What you are asked to do: Give the listing again in full and exactly, apart from its pictures.

Data section:
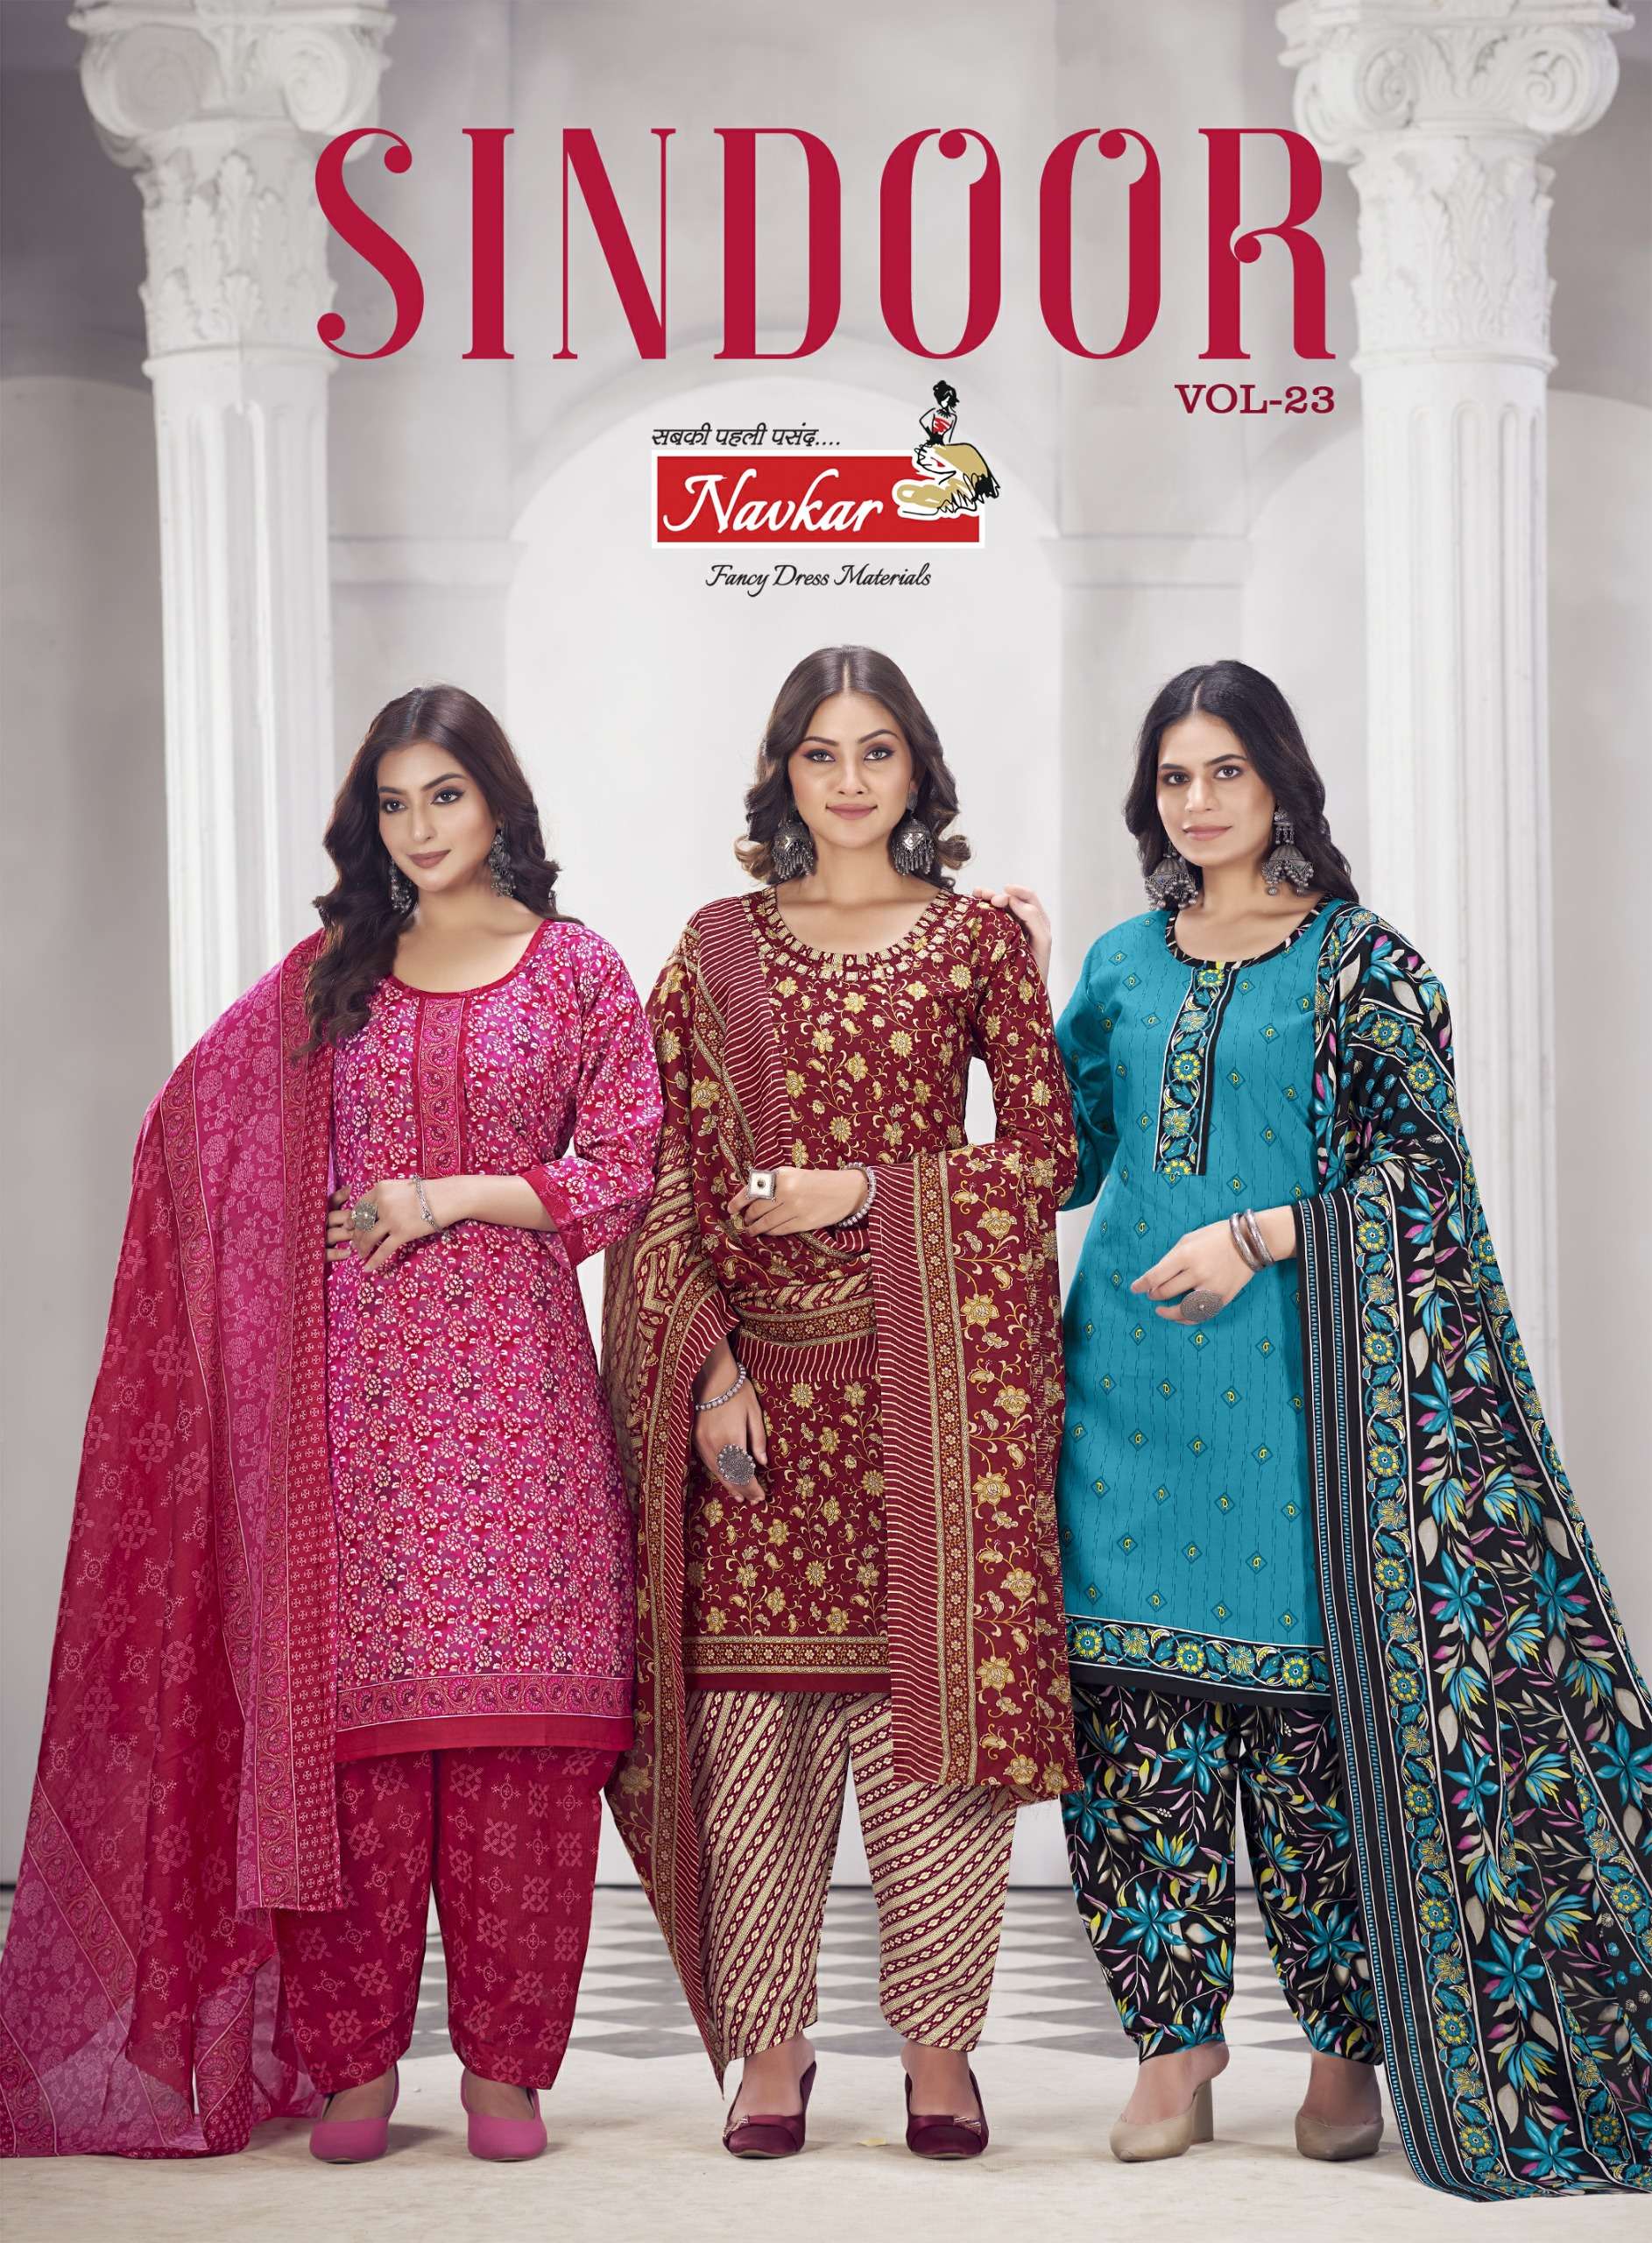 navkar sindoor vol 23 23001-23016 series designer mix cotton patiyala summer special suits buy online wholesaler surat 
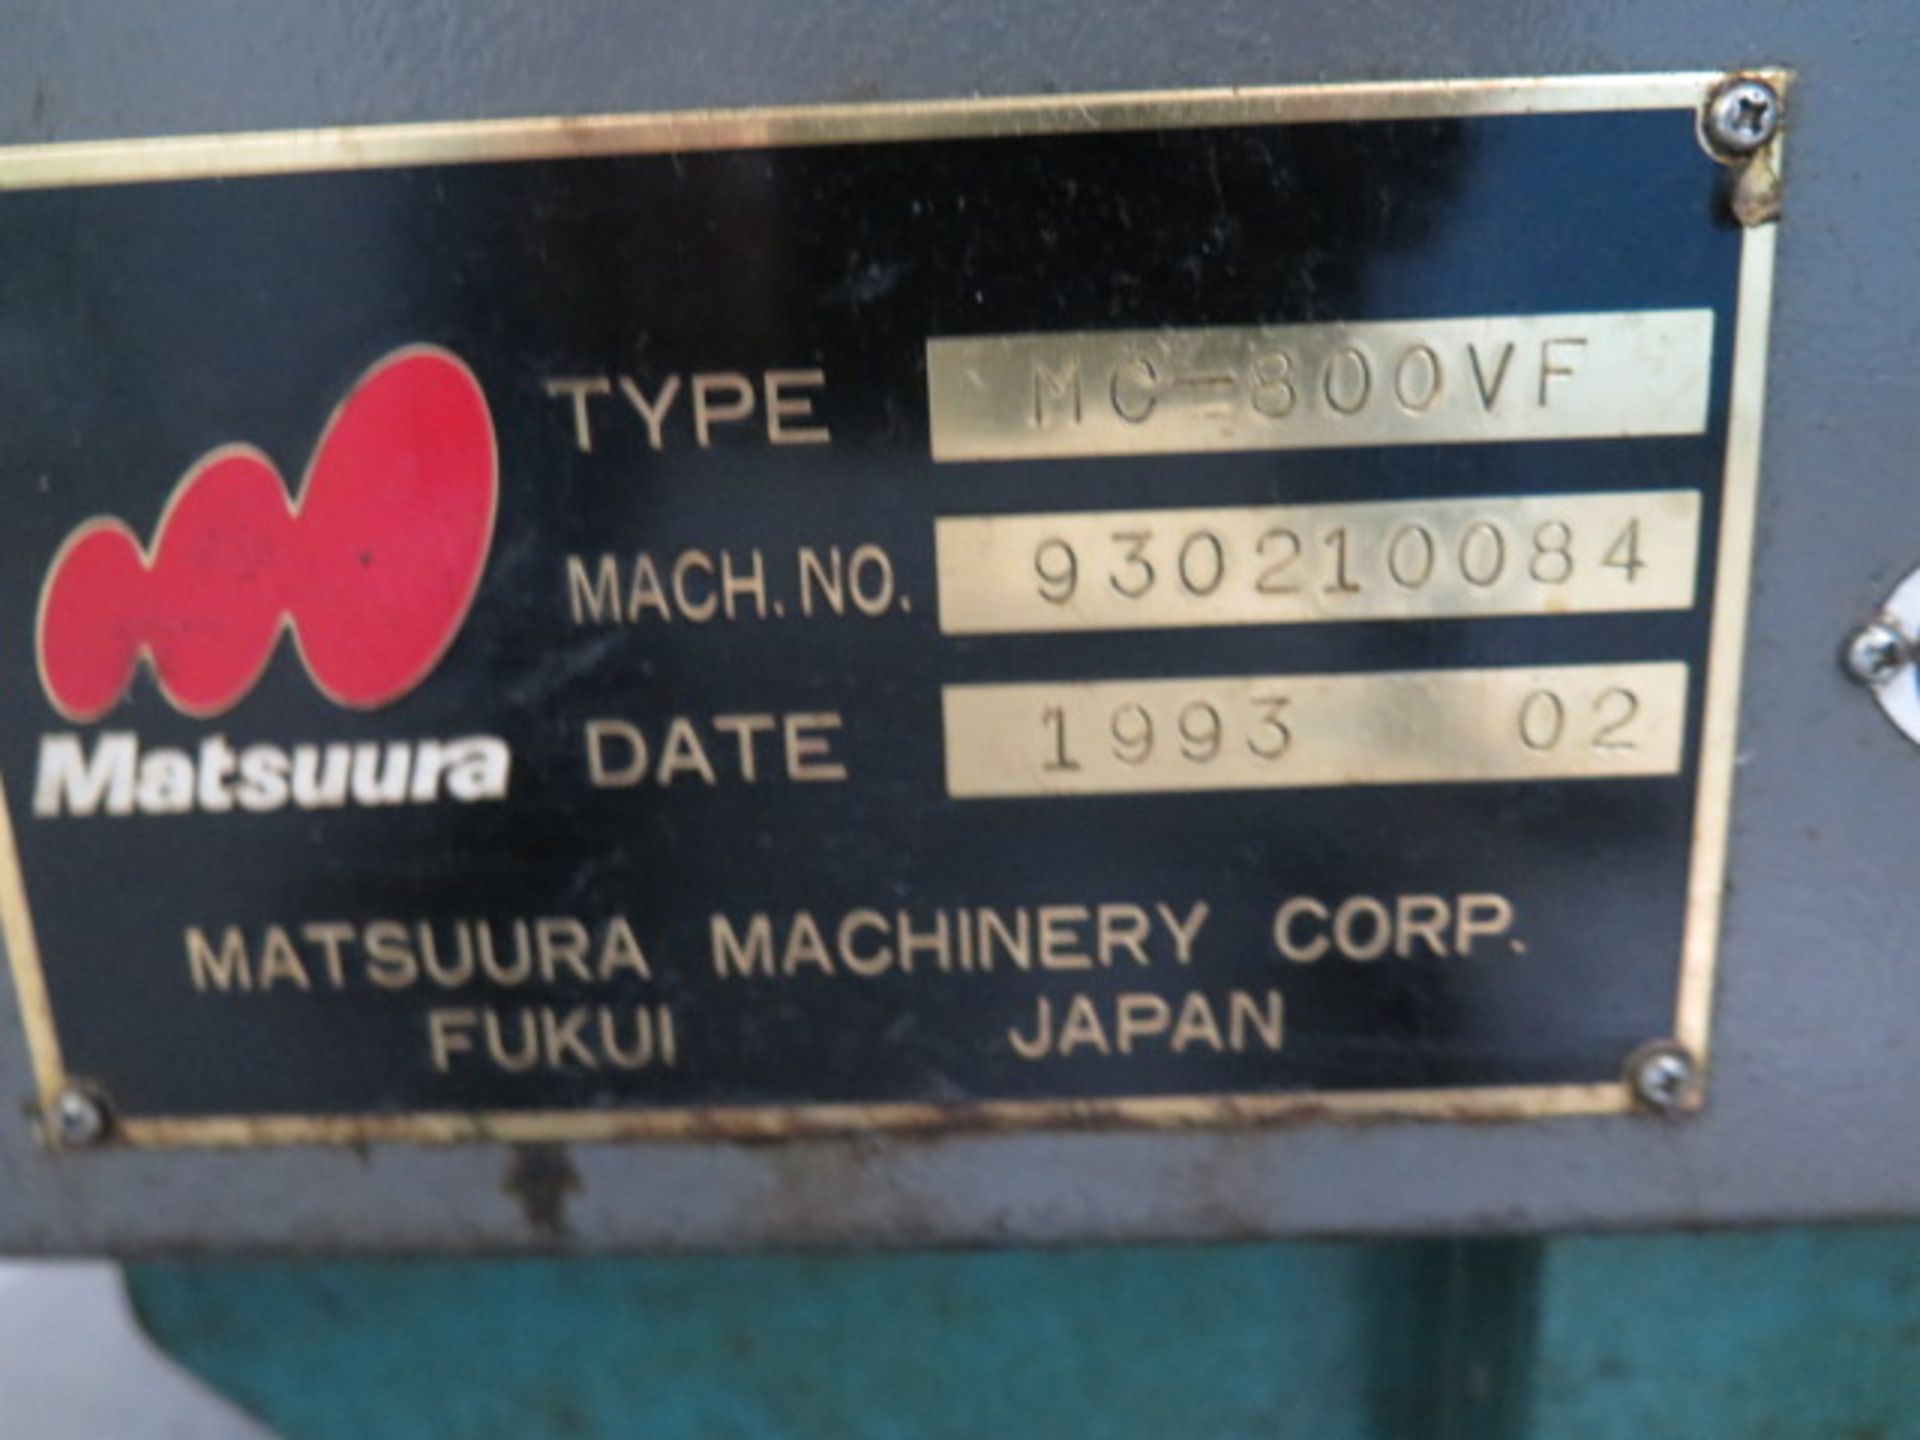 1993 Matsuura MC-800VF CNC Vertical Machining Center s/n 930210084 w/ Yasnac i-80 Controls, 30-Stat - Image 21 of 22
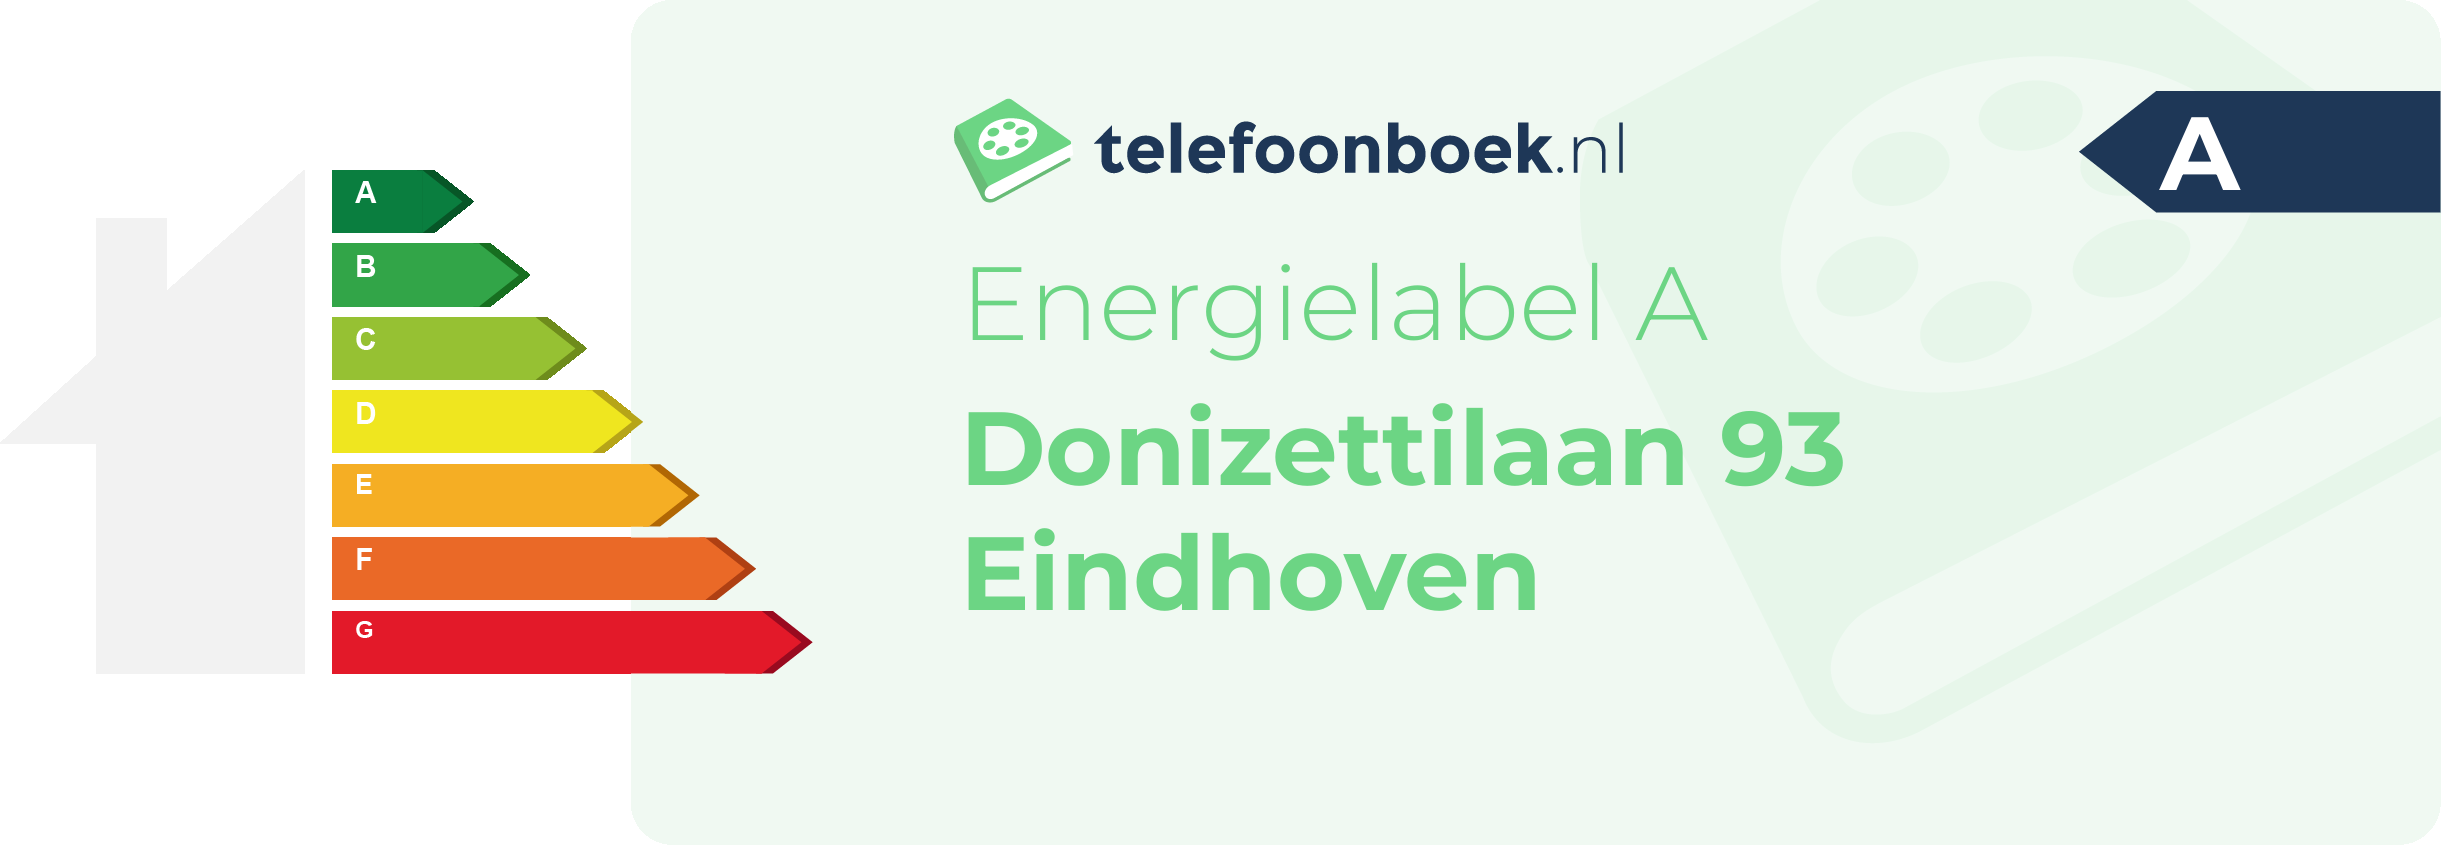 Energielabel Donizettilaan 93 Eindhoven

Answer space:
 navkar sindoor vol 23 23001-23016 series designer mix cotton patiyala summer special suits buy online wholesaler surat 
 1993 Matsuura MC-800VF CNC Vertical Machining Center s/n 930210084 w/ Yasnac i-80 Controls, 30-Stat - Image 21 of 22
 Energielabel Donizettilaan 93 Eindhoven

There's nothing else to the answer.